Pennsylvania’s black-bear population has jumped from about 18,000 to about 20,000 bears.
The number of hunters buying bear licenses is on pace to break the previous record.
And the red-oak acorn crop statewide is one for the ages.
All of the pieces are in place for a historic bear season in Pennsylvania, according to the state's Game Commission.
And things have gotten underway.
Pennsylvania’s bear archery season opened Monday, Nov. 14. And after that five-day season comes to a close on Friday, Nov. 18, properly licensed hunters who are still in pursuit of a bear can participate in the four-day general season that opens Saturday, Nov. 19, then runs from Monday, Nov. 21, to Wednesday, Nov. 23.
Extended opportunities to hunt bears during all or a portion of the deer-hunting seasons also exist in much of the state.
Pennsylvania’s eight largest bear harvests all have occurred within the past decade. The 2015 harvest was the third-largest on record, with hunters taking 3,748 bears. A whopping 68 of those bears topped the 500-pound mark, and 18 topped 600 pounds.
Bears were taken in 57 of the state’s 67 counties in 2015.
And this year holds as much promise as ever.
Acorns abundant: Dave Gustafson, who heads up the Game Commission’s forestry division, said red-oak acorns are abundant in “epic” numbers this year throughout the state, and bear sign has been heavy in the forested tracts where red oaks are producing.
“It’s the biggest crop we’ve seen since 2001, which was one of the most-abundant red-oak acorn crops in memory,” Gustafson said in a Game Commission news release.
And white- and chestnut-oak acorns, as well as soft mast like apples, also are available in some areas, he said.
Mark Ternent, the Game Commission’s bear biologist, said years where acorns are abundant tend to see higher bear harvests.
With food readily available, bears have less reason to hibernate before bear season, Ternent said. And they don’t need to travel as much to find food, which means the bears hunters locate while scouting before the season are likely to be found in the same areas come opening day, he said.
Bear hunters on rise: The number of bear hunters also has been on the increase, with record numbers of licenses being sold in each of the past several years. And the early sales report showed 2016 bear-license numbers outpacing 2015 sales by more than 1,000 licenses.
That would mean that, once again, upward of 175,000 bear hunters can be expected to take part in the season.
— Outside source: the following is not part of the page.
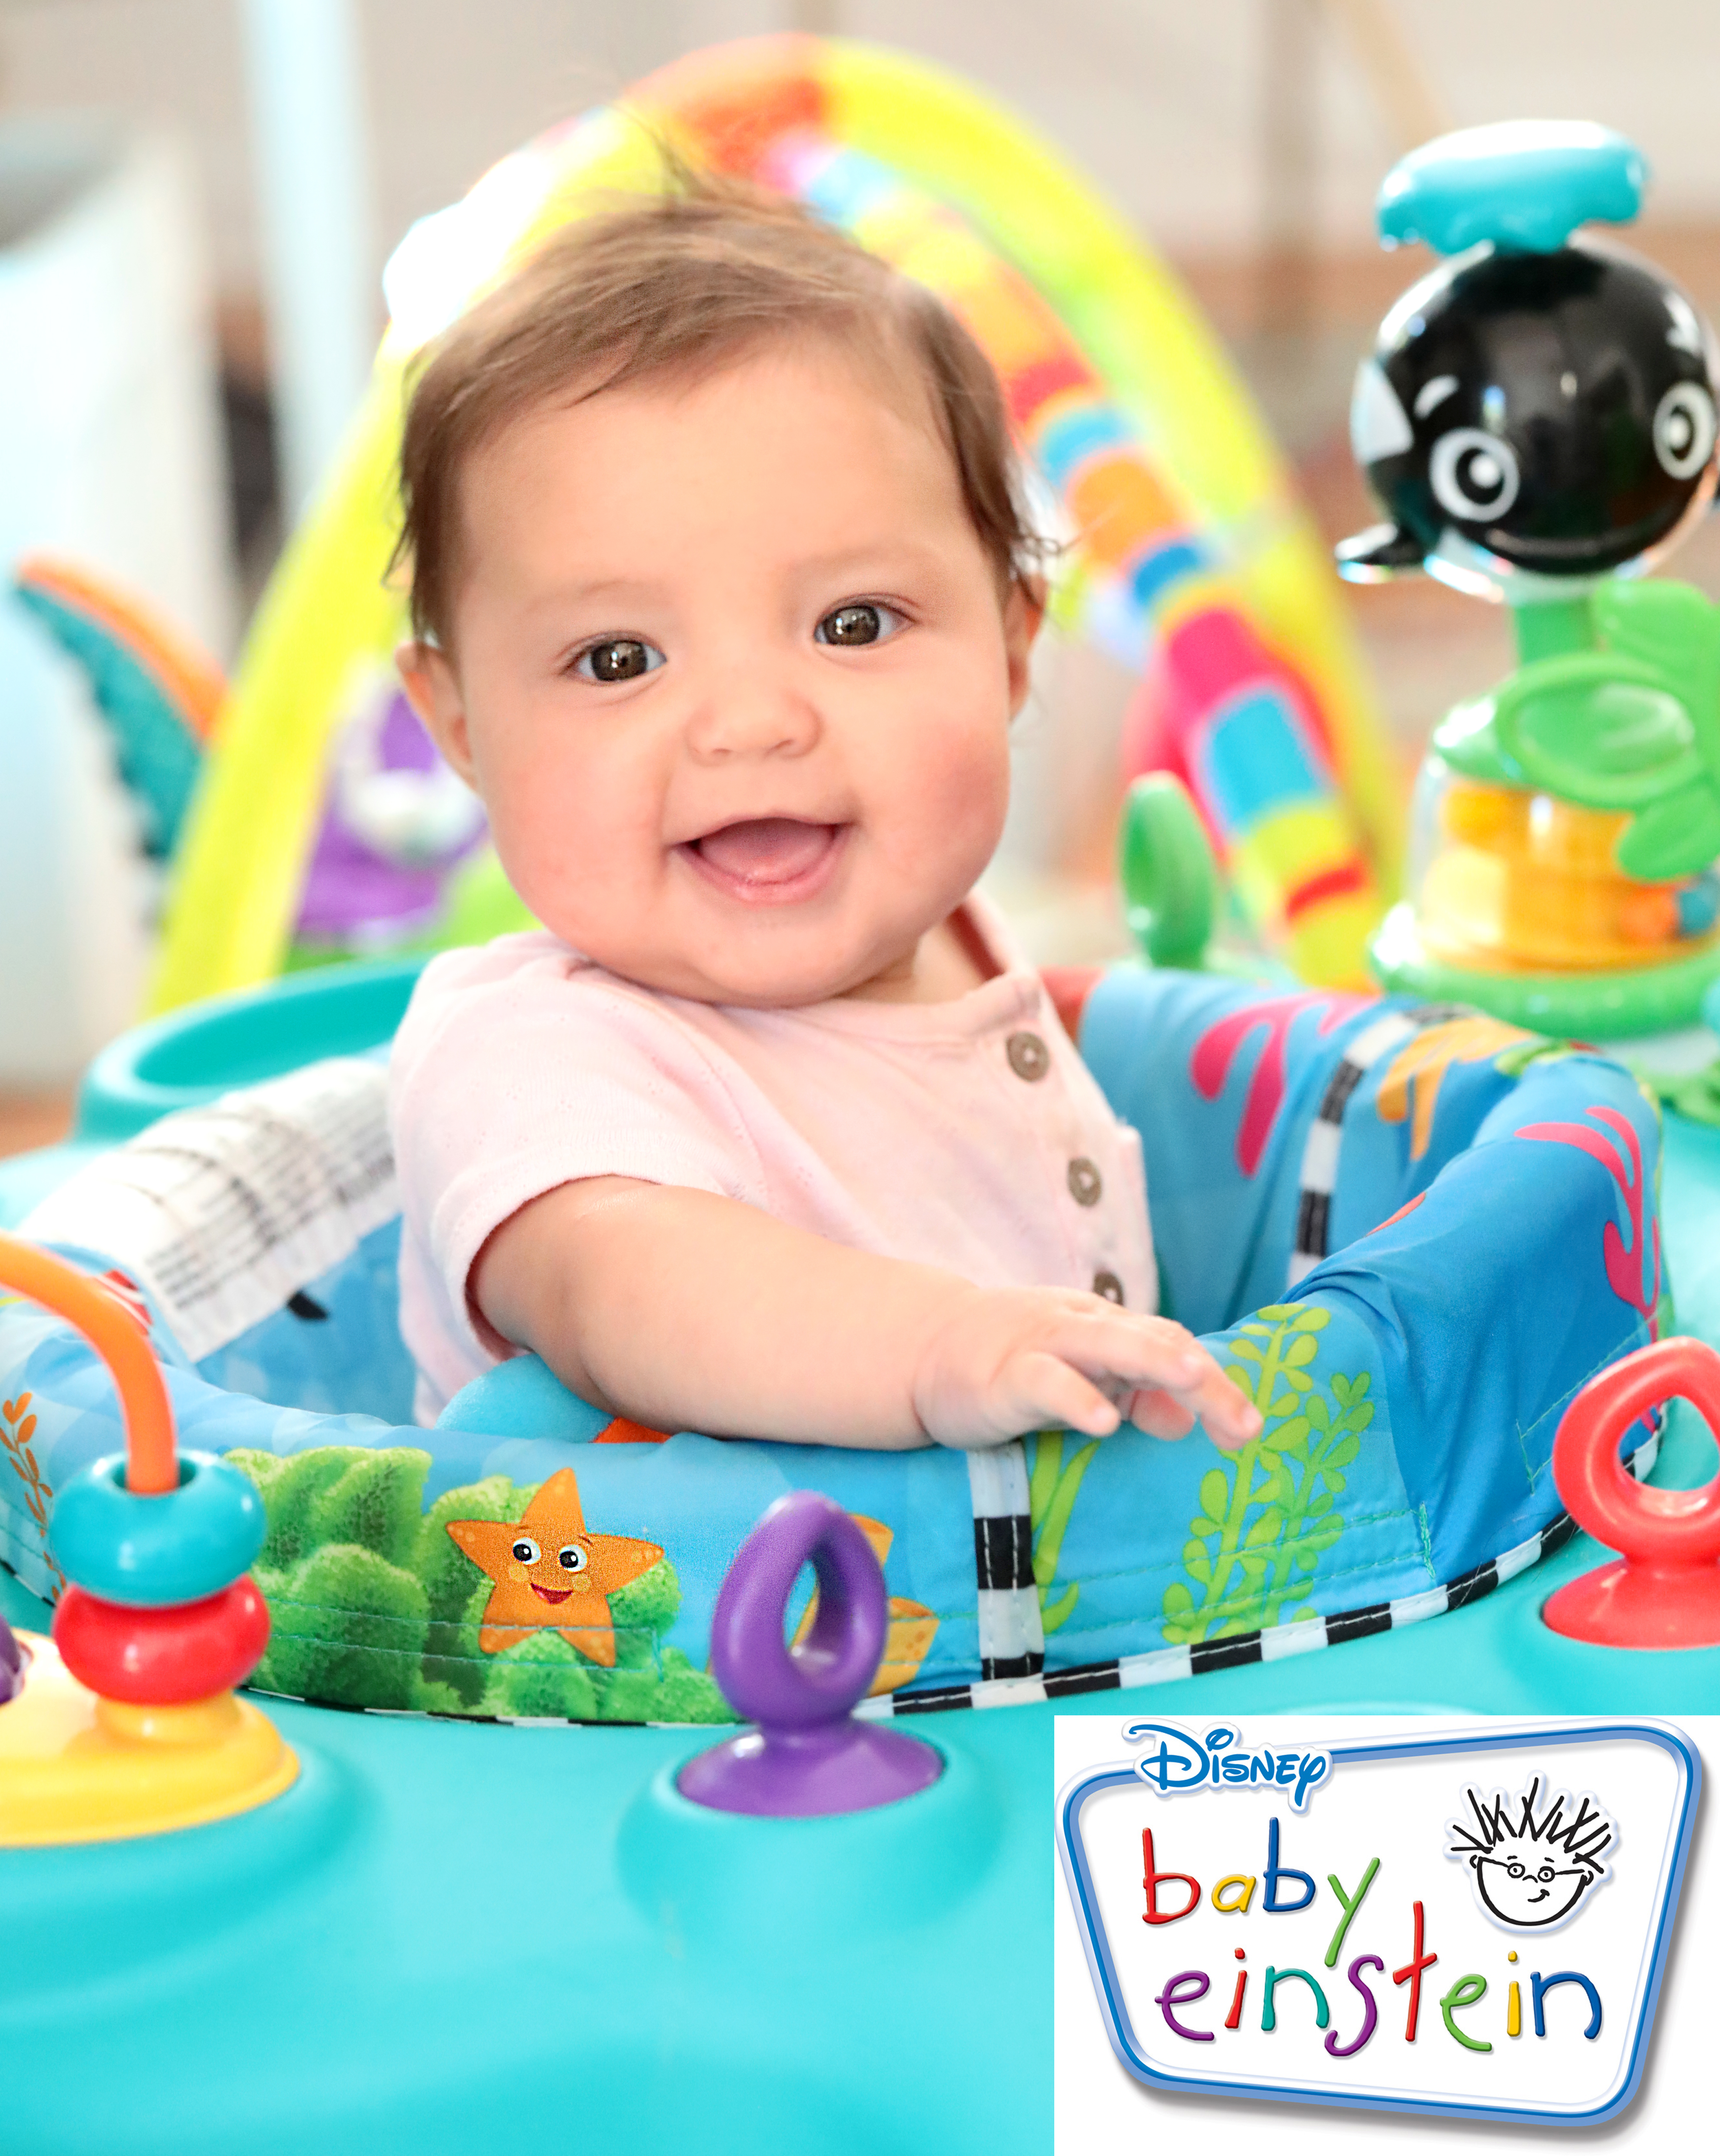 SienaSky-_shotbyana-cropped-baby-einstei
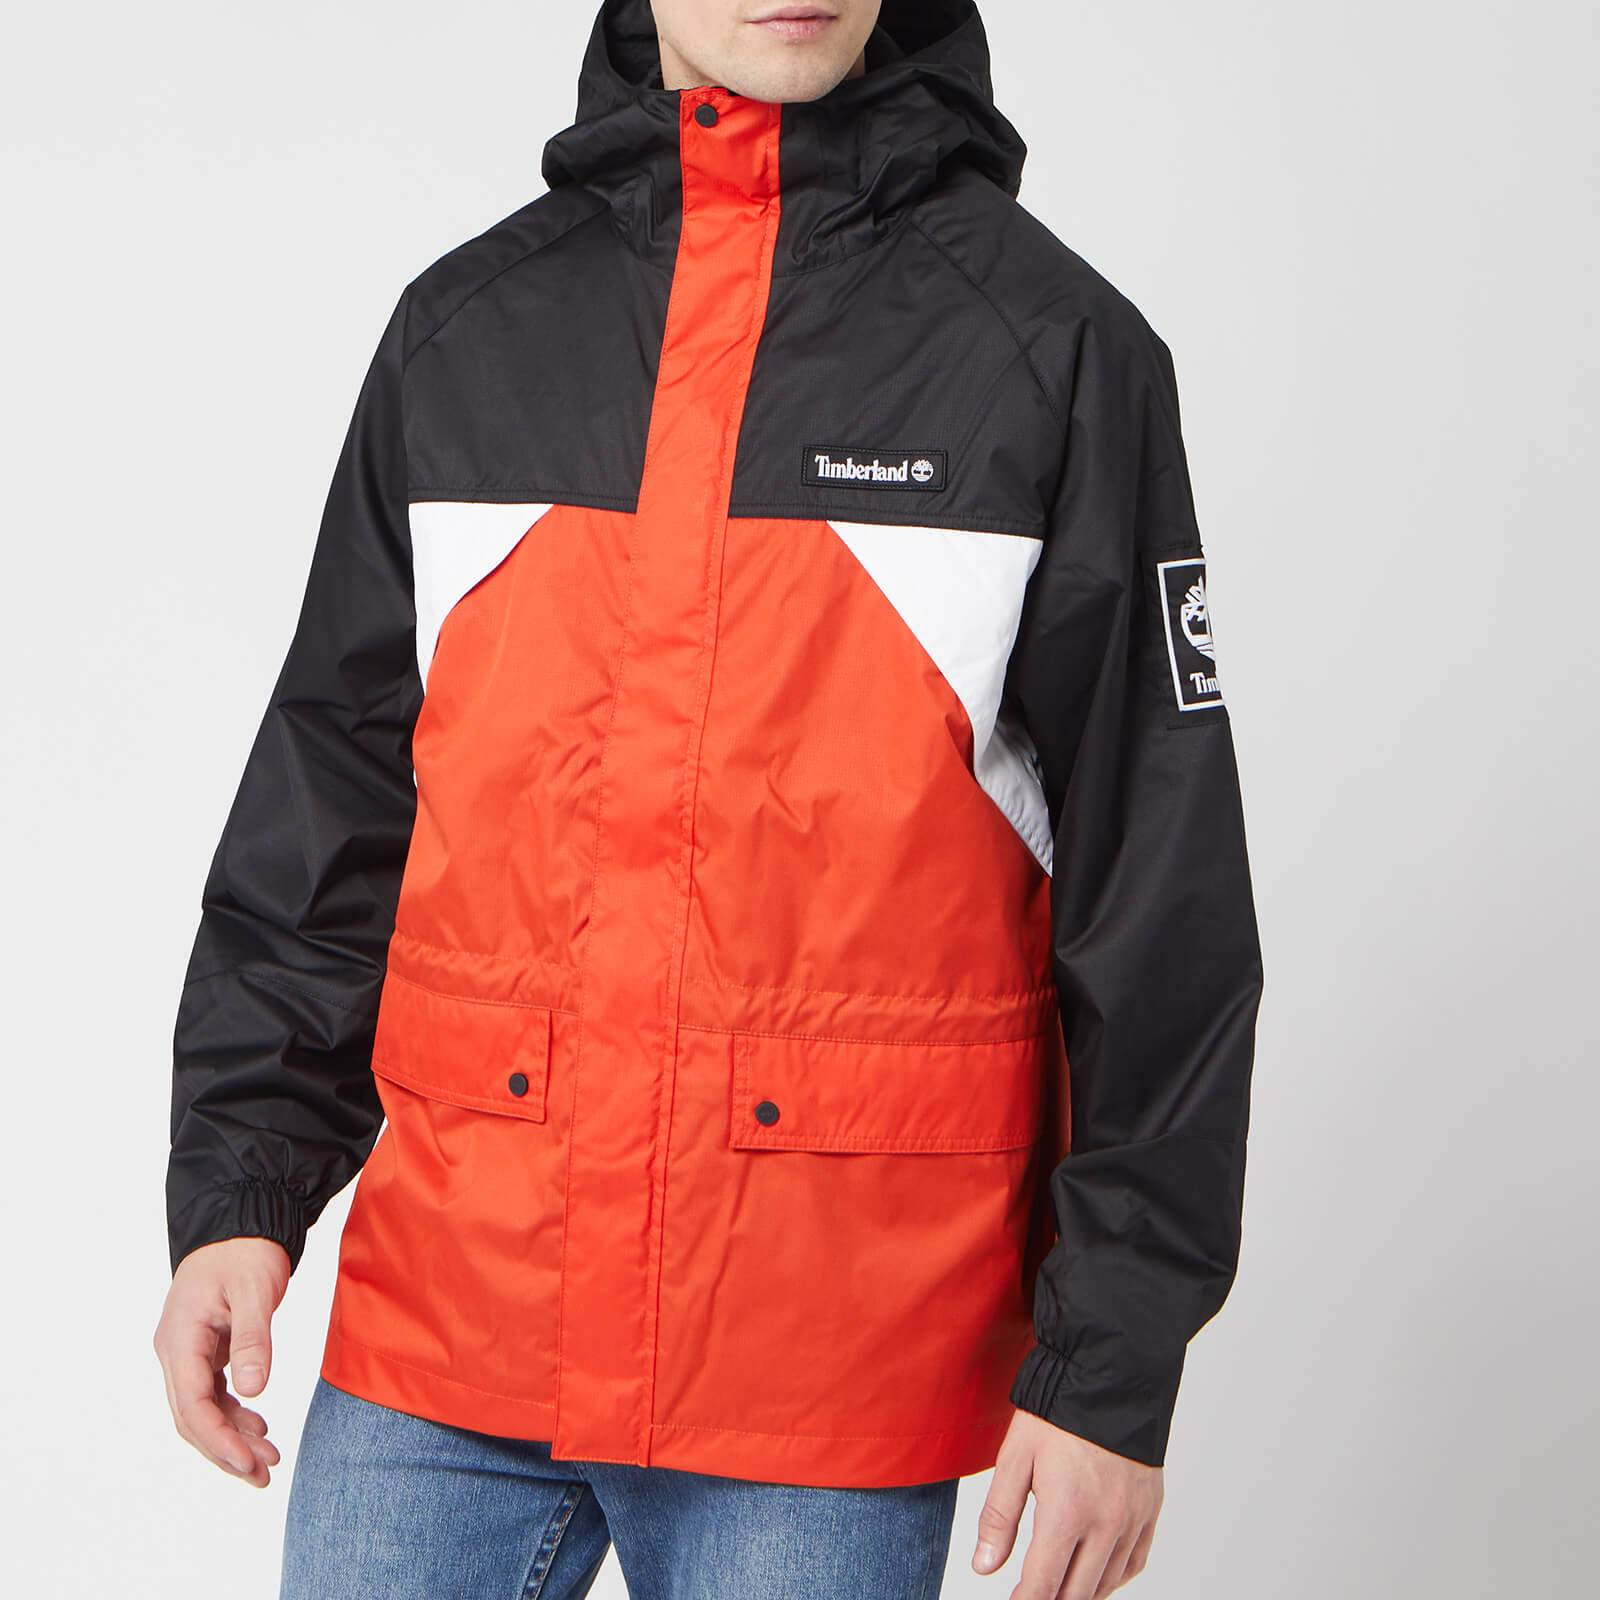 Timberland Men's Outdoor Archive Weather Breaker Coat - White/Spicy Orange/Black - XL

And the estimated number of bears statewide also has increased since last year, due to a lower-than-anticipated harvest in 2014.
“If there are a record number of bears, a record number of hunters and a record acorn crop, we could be in store for a truly remarkable year of bear hunting,” Ternent said in the news release.
Record may fall: Pennsylvania’s all-time largest bear harvest occurred in 2011, when 4,350 bears were harvested.
Of course, topping that number will rely on many factors, including favorable weather during the firearms bear season.
But, without a doubt, a record harvest is within reach, Ternent said.
Given the high reproductive rate of Pennsylvania’s black bears, harvests could periodically approach 25 percent of the bear population without alarming declines, he said.
“In a population of 20,000 bears, that would equate to a 5,000-bear harvest,” Ternent said in the news release.
Success rate is low: Of course, hunting Pennsylvania black bears remains a challenge, and harvesting one can be the accomplishment of a hunting career. Even in the year with the highest harvest rate, less than 3 percent of licensed bear hunters were successful.
But with record numbers of bears and hunters, Game Commission Executive Director R. Matthew Hough said the prospects of taking a Pennsylvania black bear are as good as ever.
“There’s no other hunting season in Pennsylvania that’s quite like our tradition-rich statewide bear season,” Hough said in the news release. “And while thousands of bear hunters will take home their trophies of a lifetime this year, all who participate can count on memories that will last a lifetime.”
Information for this story was provided by the Pennsylvania Game Commission.